The selectors work exactly the same way. The difference is where the response comes from: you don’t fetch it yourself.

What is this yield keyword?

In a simplistic way, just think of it as the same as the return keyword at the end of a Python function. This signals that the code will not continue after the yield statement and it will return something to whatever piece of code that called this function.

The major difference is that a yield statement can be called multiple times, returning a sequence of values. Formally, it produces what is called a generator.

Generators are a type of lazy evaluation, something that allows you to calculate and returnvalues only when they are needed.

Following links

In a notebook, if you wanted to visit another page, you’d loop through URLs and call requests.get() again. In a Scrapy spider, you yield a Request object and tell Scrapy which method to call when that page loads:

def parse(self, response):
    # Extract data from the current page
    yield {'title': response.css('h1::text').get()}
    
    # Follow a link to another page
    next_url = response.css('a.next-page::attr(href)').get()
    if next_url:
        yield scrapy.Request(next_url, callback=self.parse)

The callback argument tells Scrapy which method handles the response. Here it’s self.parse again, so the same logic runs on every page. For different page types (listing vs product detail), you’d use different callbacks:

def parse(self, response):
    # This handles listing pages
    for product_link in response.css('a.product::attr(href)').getall():
        yield scrapy.Request(product_link, callback=self.parse_product)
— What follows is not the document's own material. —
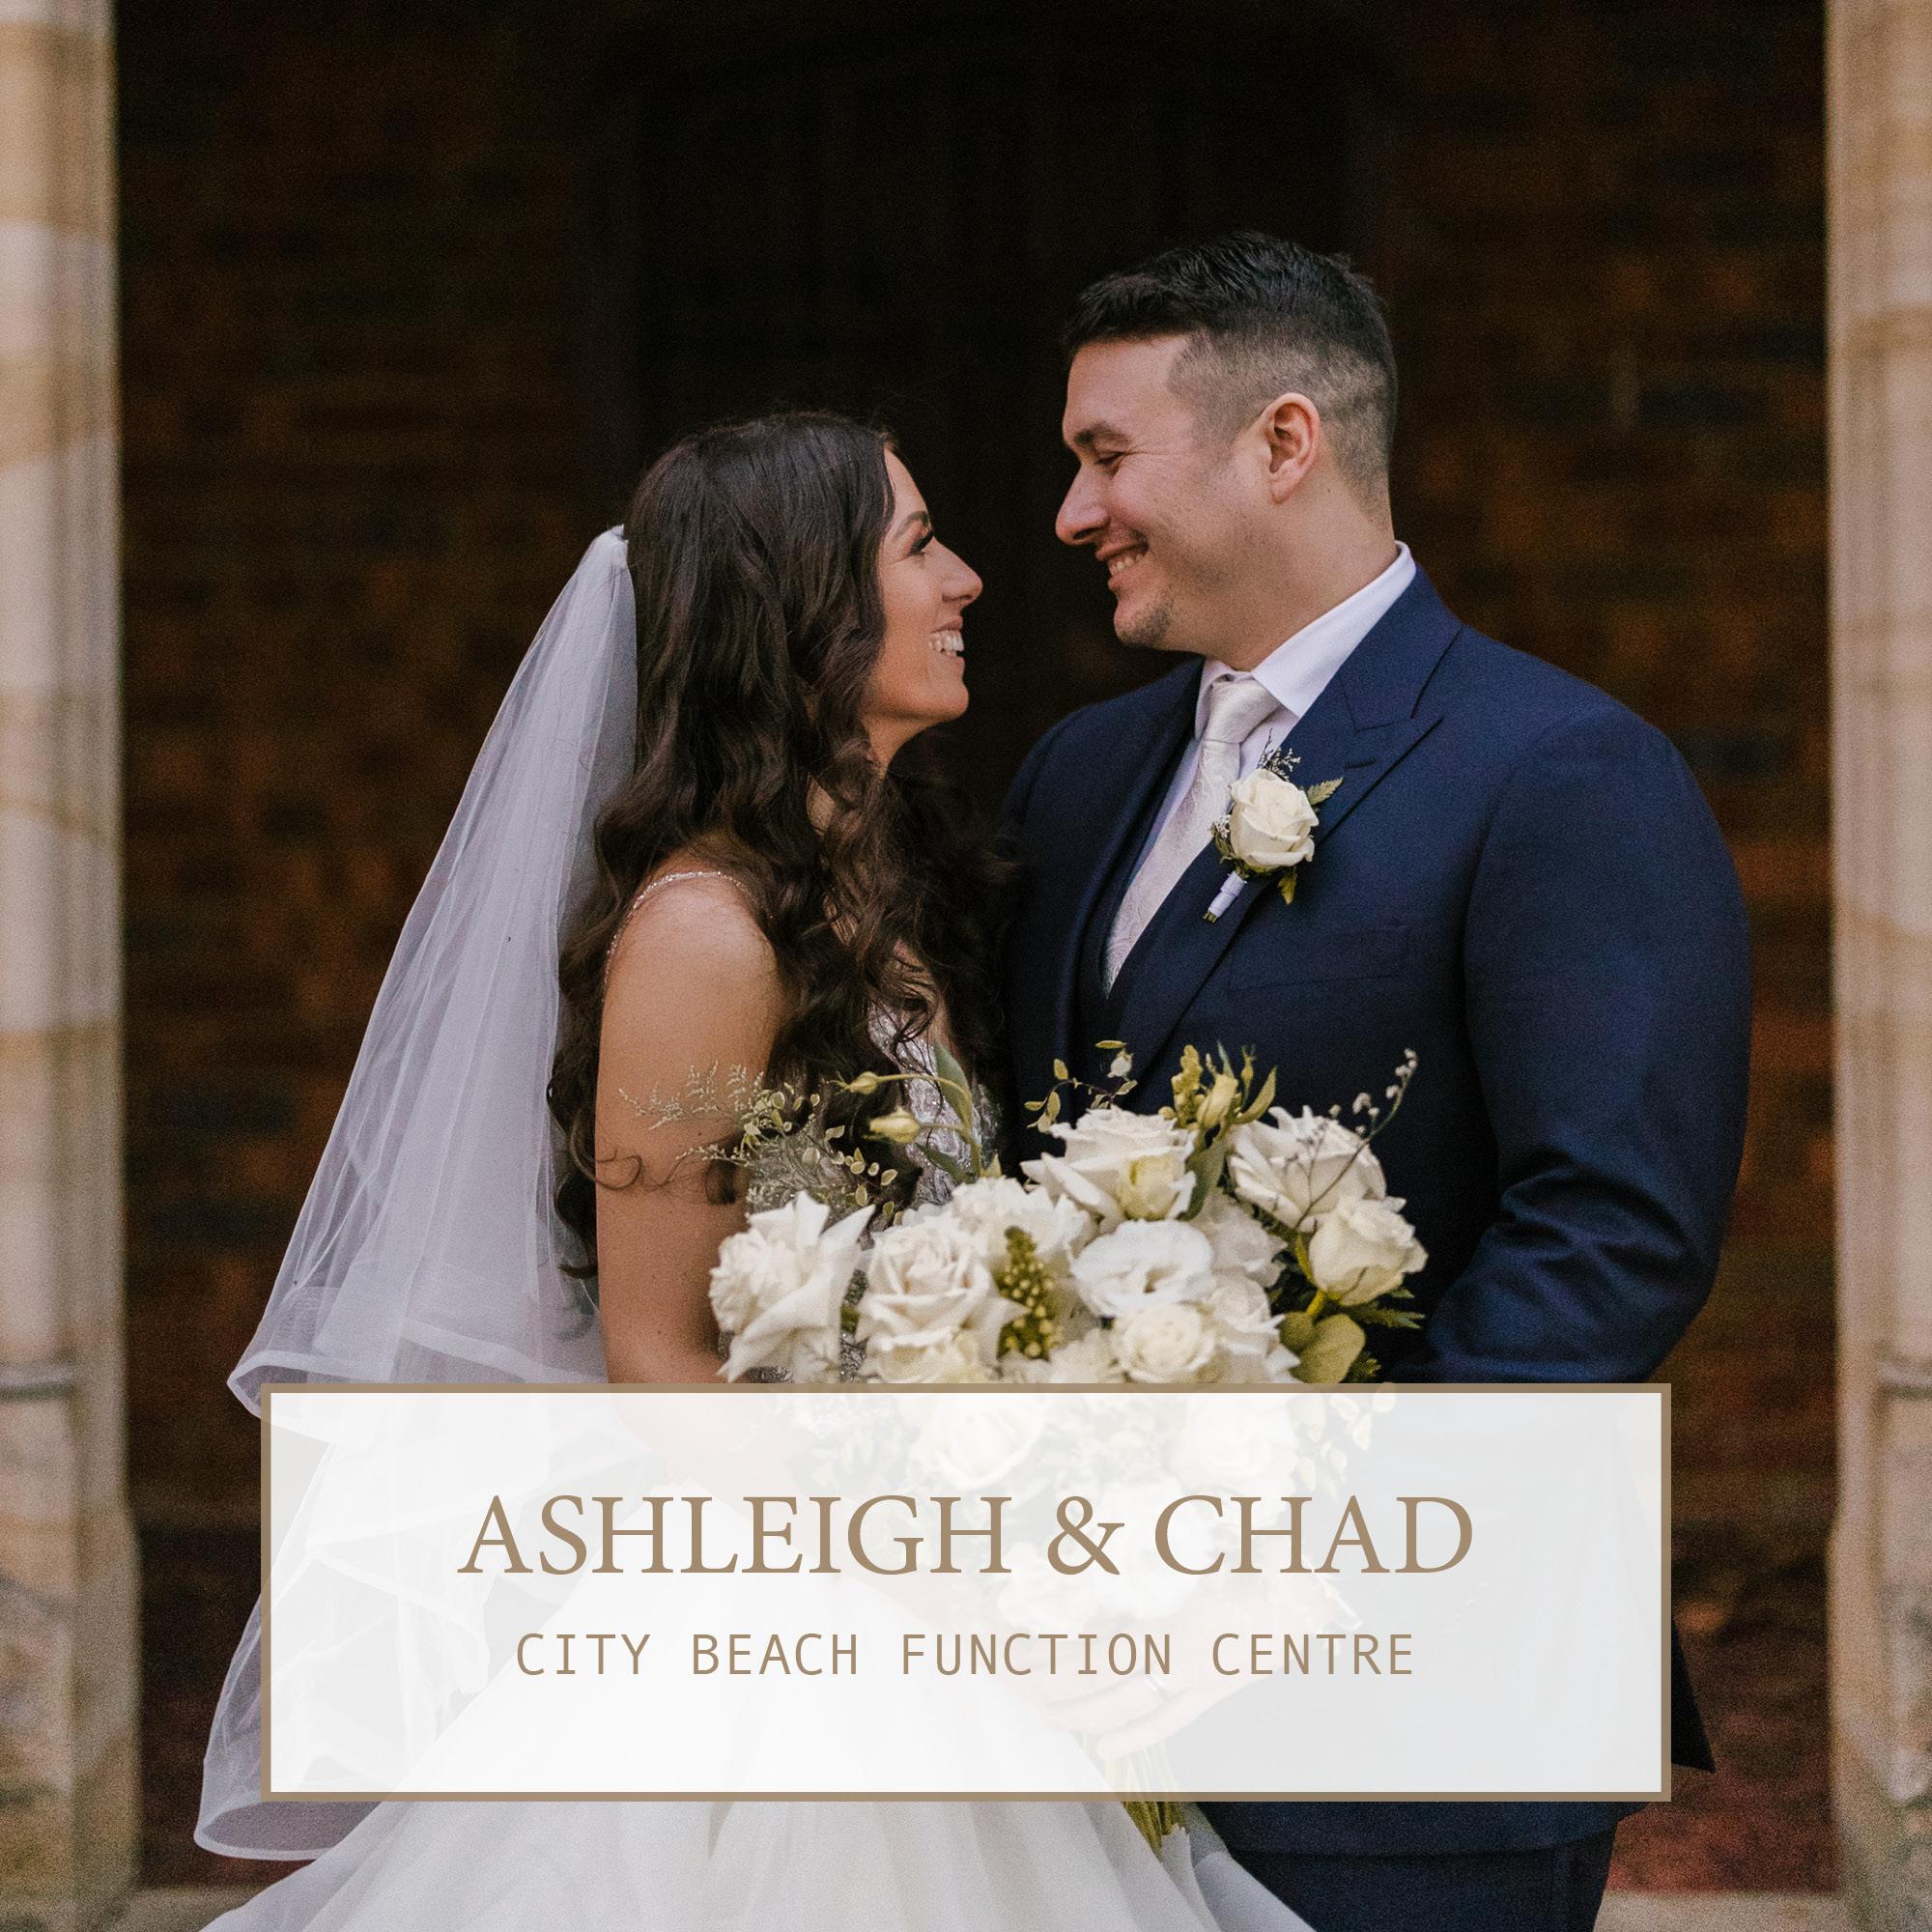 City Beach Function Centre Wedding: Ashleigh & Chad 1

def parse_product(self, response):
    # This handles individual product pages
    yield {
        'name': response.css('h1::text').get(),
        'price': response.css('.price::text').get(),
    }

Scrapy queues these requests, fetches them when ready, and calls the right method for each response. You don’t manage the queue or track which pages you’ve visited.

The other files (pipelines.py, middlewares.py, items.py) come into play once your basic spider works. We’ll add those in the lab.

After the Lecture

The W03 lab continues with Scrapy project structure and pipelines. Keep pushing on ✍️ Problem Set 1: your scraper will be handed to another student in W05, so clear structure and documentation matter.